Он приехал в Сиэтл в 1940 году с 40 долларами в кармане. Его первая постоянная работа была в ночном клубе Ben Paris: он убирал со столов и начищал обувь. Наконец он устроился на чугунолитейный завод. Это был тяжелый физический труд, но за него хорошо платили. В то время Эл чувствовал себя счастливым лишь на танцполе, именно в танце он на время забывал обо всех тревогах. Обычно в клуб он надевал коричневый костюм зут в белую полоску, а поверх — бежевое однобортное пальто до колен. Он был одет в него и в ту ночь, когда впервые встретил шестнадцатилетнюю Люсиль Джетер.
Когда Люсиль познакомилась с Элом, она училась в девятом классе. Хотя она была красоткой, опыта в отношениях она не имела, Эл стал ее первым парнем. Его канадское происхождение интриговало Люсиль, но оно также сделало его чужаком для афроамериканского сообщества Сиэтла. «Люди в Сиэтле были заносчивы по отношению к выходцам из Канады», — вспоминала Долорес Холл. Отсутствие у Эла знакомых в Сиэтле оказывалось частой причиной для ссор. То, что у Люсиль было много друзей и она была невероятно красивой, вызывало у Эла приступы сильной ревности. «Эл был очень мускулистым парнем, — вспоминал Джеймс Прайор. — Из-за этого все держались от Люсиль подальше. У него был вспыльчивый характер, и он не боялся его проявлять. Если кто-то и бегал за ней, то уж точно не публично, потому что Эл убил бы всех ухажеров».
Эл и Люсиль сходили на несколько свиданий, после чего их отношения укрепила доброта девушки. Когда Эла госпитализировали с грыжей, Люсиль вызвалась волонтерить в больнице. После выписки Эл начал официально ухаживать за Люсиль, регулярно навещая ее родителей, как того требовали правила того времени. Родителям Люсиль Эл нравился, но они не воспринимали его всерьез, потому что считали, что их дочь еще слишком юна, чтобы иметь серьезные отношения с мужчиной.

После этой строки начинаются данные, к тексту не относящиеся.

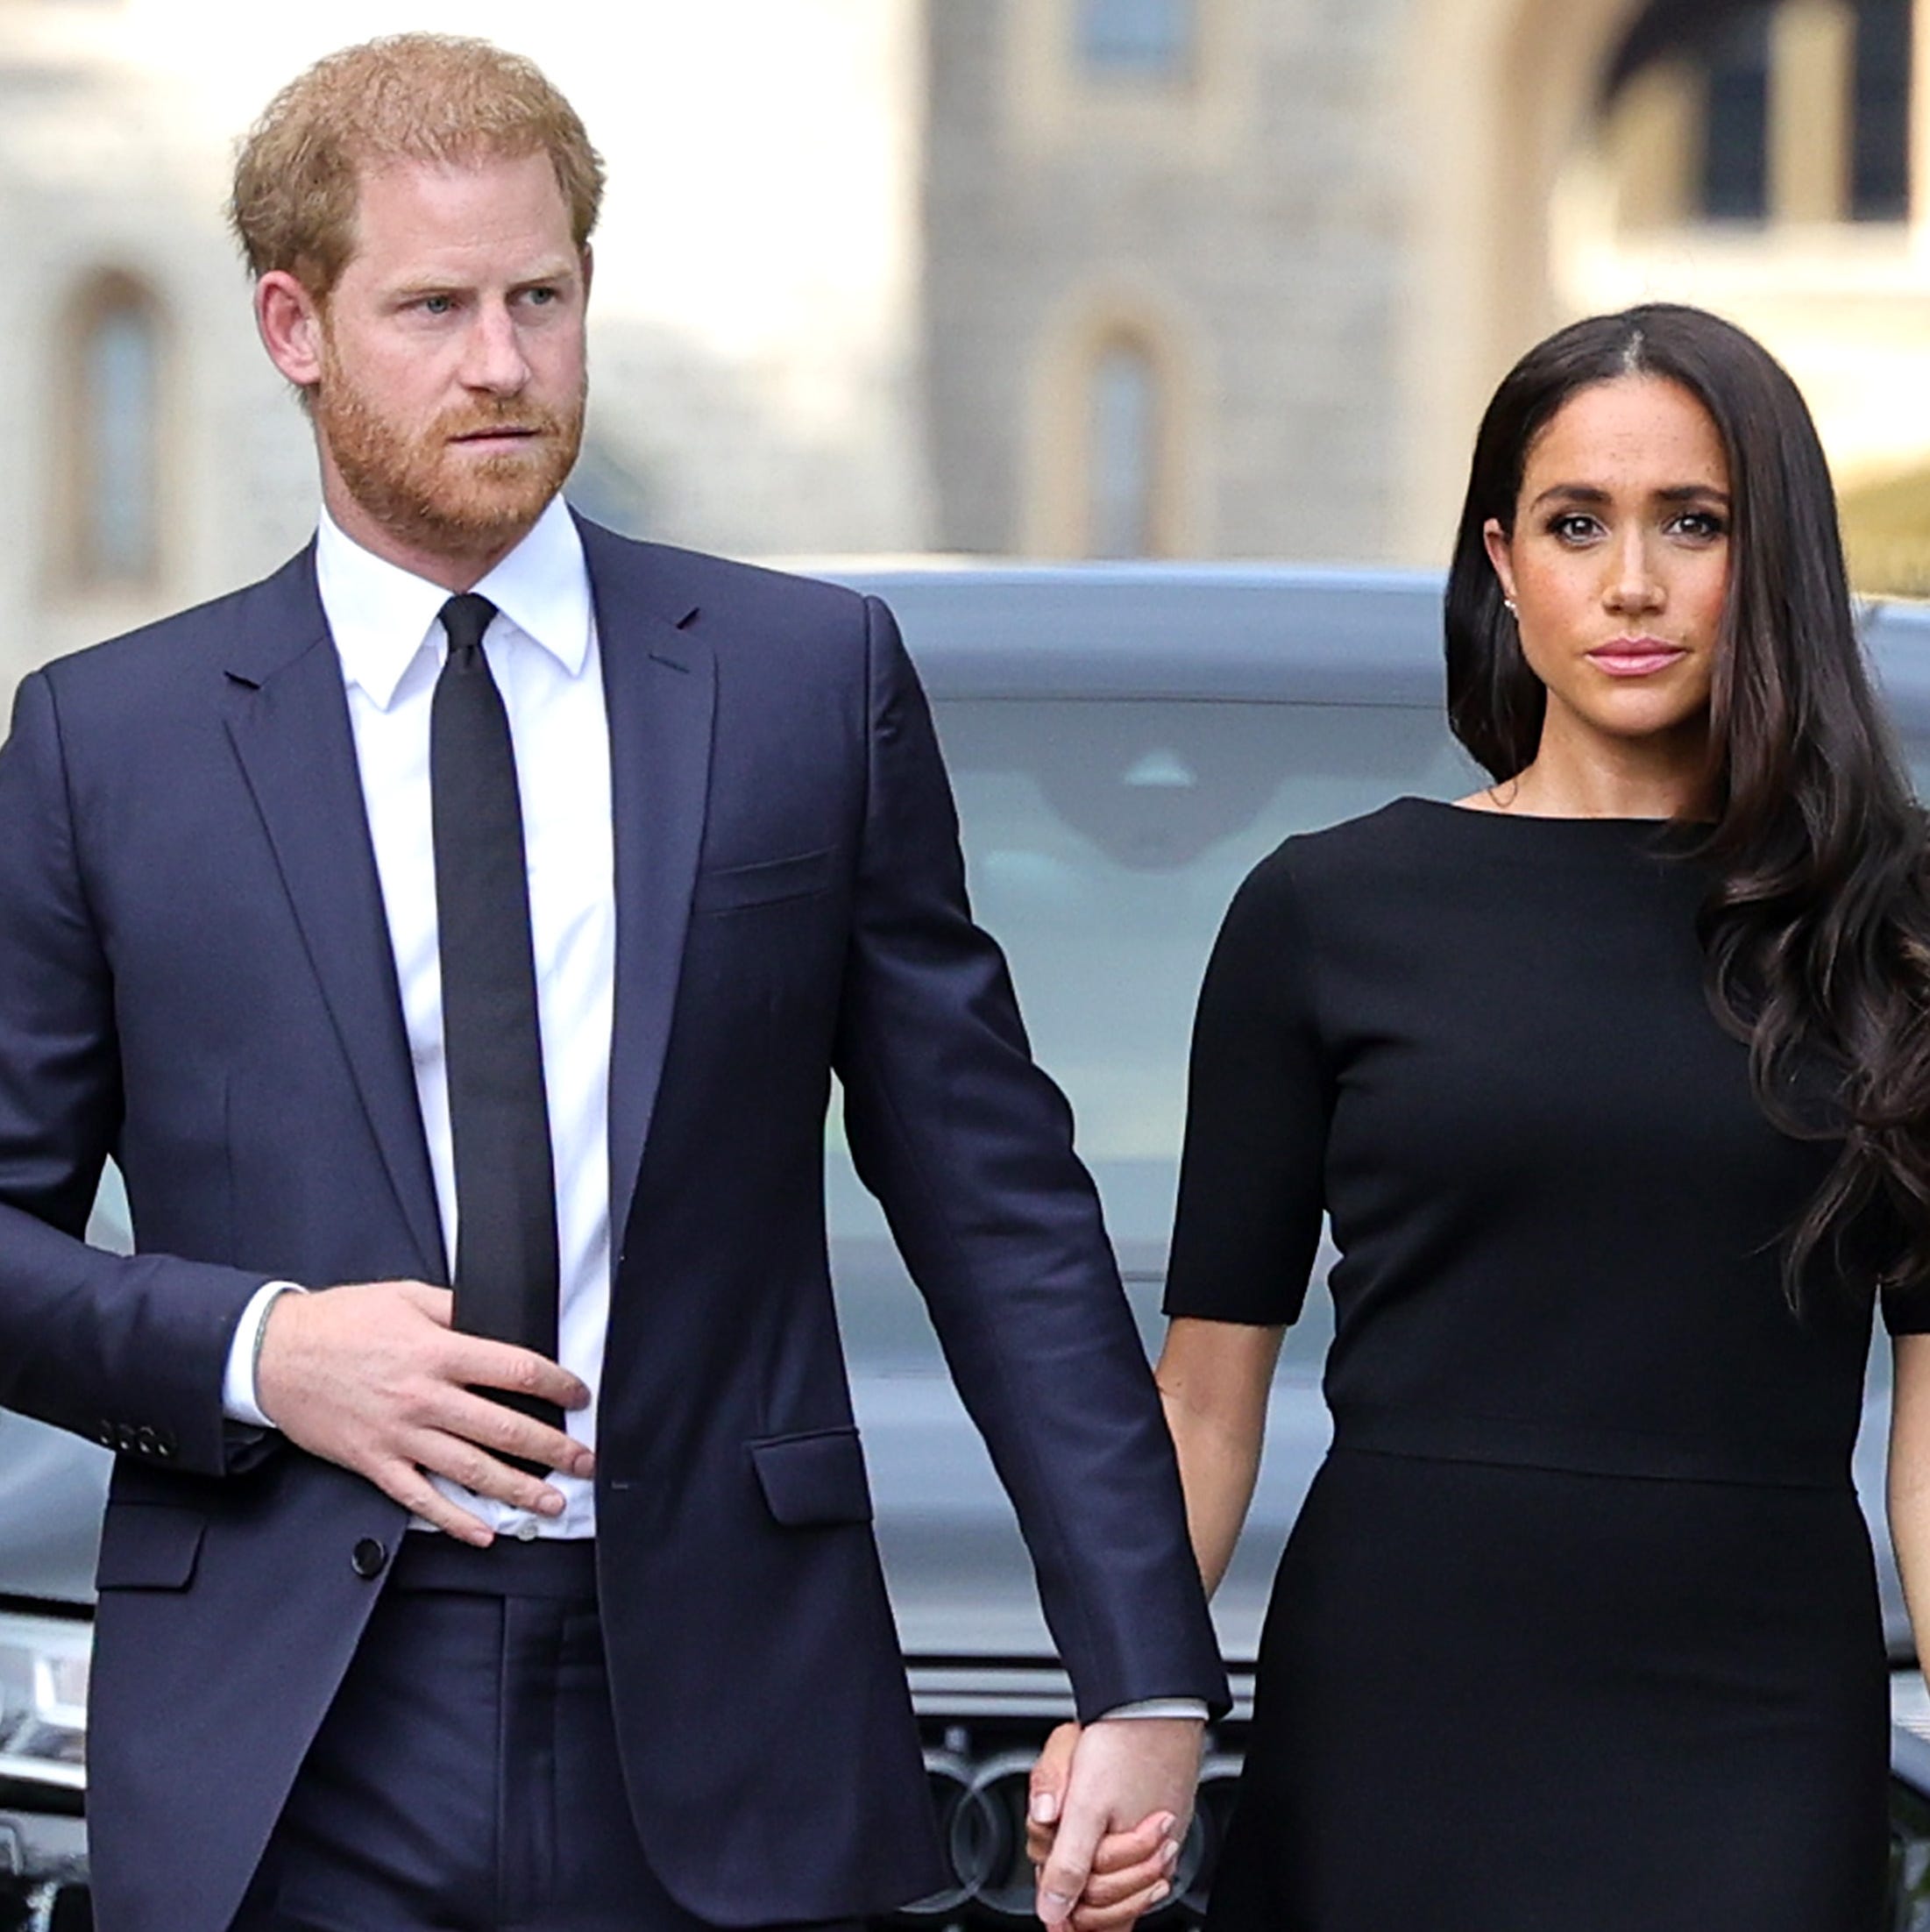 Harry and Meghan Apparently Learned They Were Uninvited from Buckingham Palace Reception from the Press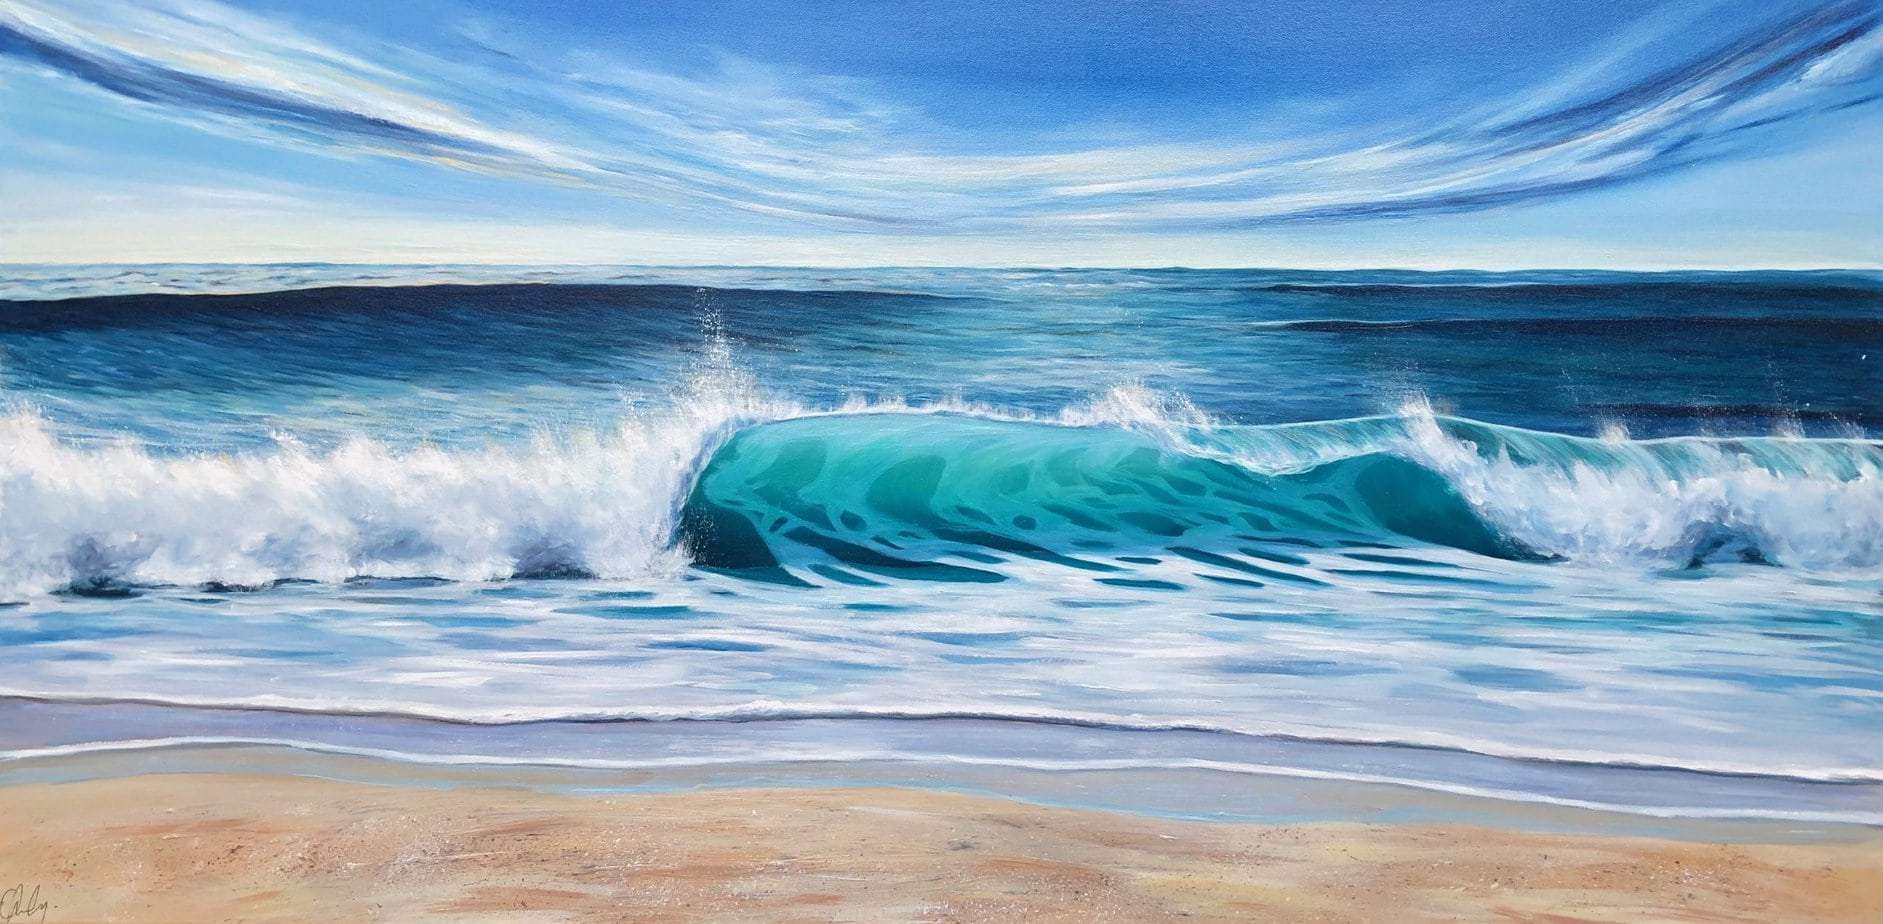 Turquoise Beach Wave II original seascape oil painting on canvas. Framed and ready to hang. For sale online

Эл потерял работу литейщика, но устроился в бильярдную. Он расставлял шары, когда услышал, что японцы напали на Перл-Харбор. 22-летнего Эла точно призвали бы, поэтому с наступлением войны их с Люсиль отношения стали развиваться стремительнее. К концу февраля она забеременела, что можно считать своего рода подвигом, ведь Эл в тот период жил в общежитии, в которое не пускали женщин. Когда Люсиль рассказала о беременности родителям, они пришли в ярость. «В семье ее считали малышкой, никто этого не ожидал», — вспоминала Долорес.
Немного стесняясь, Эл сказал Джетерам, что женится на их дочери, но это не успокоило Престона, который безуспешно пытался отговорить Люсиль от брака. Пара расписалась в здании суда округа Кинг, а через три дня Эла забрали в армию. После его отъезда Люсиль, несмотря на то что была замужем и ждала ребенка, продолжала ходить в школу, успешно скрывая два этих факта от одноклассников. Она была настолько худой, что беременность стала очевидной лишь спустя месяцы; что до замужества, то Эл был слишком беден, чтобы купить ей кольцо. С ребенком на подходе и без средств к существованию Люсиль надеялась окончить среднюю школу. Но как-то днем, когда прозвенел звонок, она оставила свои учебники на парте и больше никогда за ними не вернулась.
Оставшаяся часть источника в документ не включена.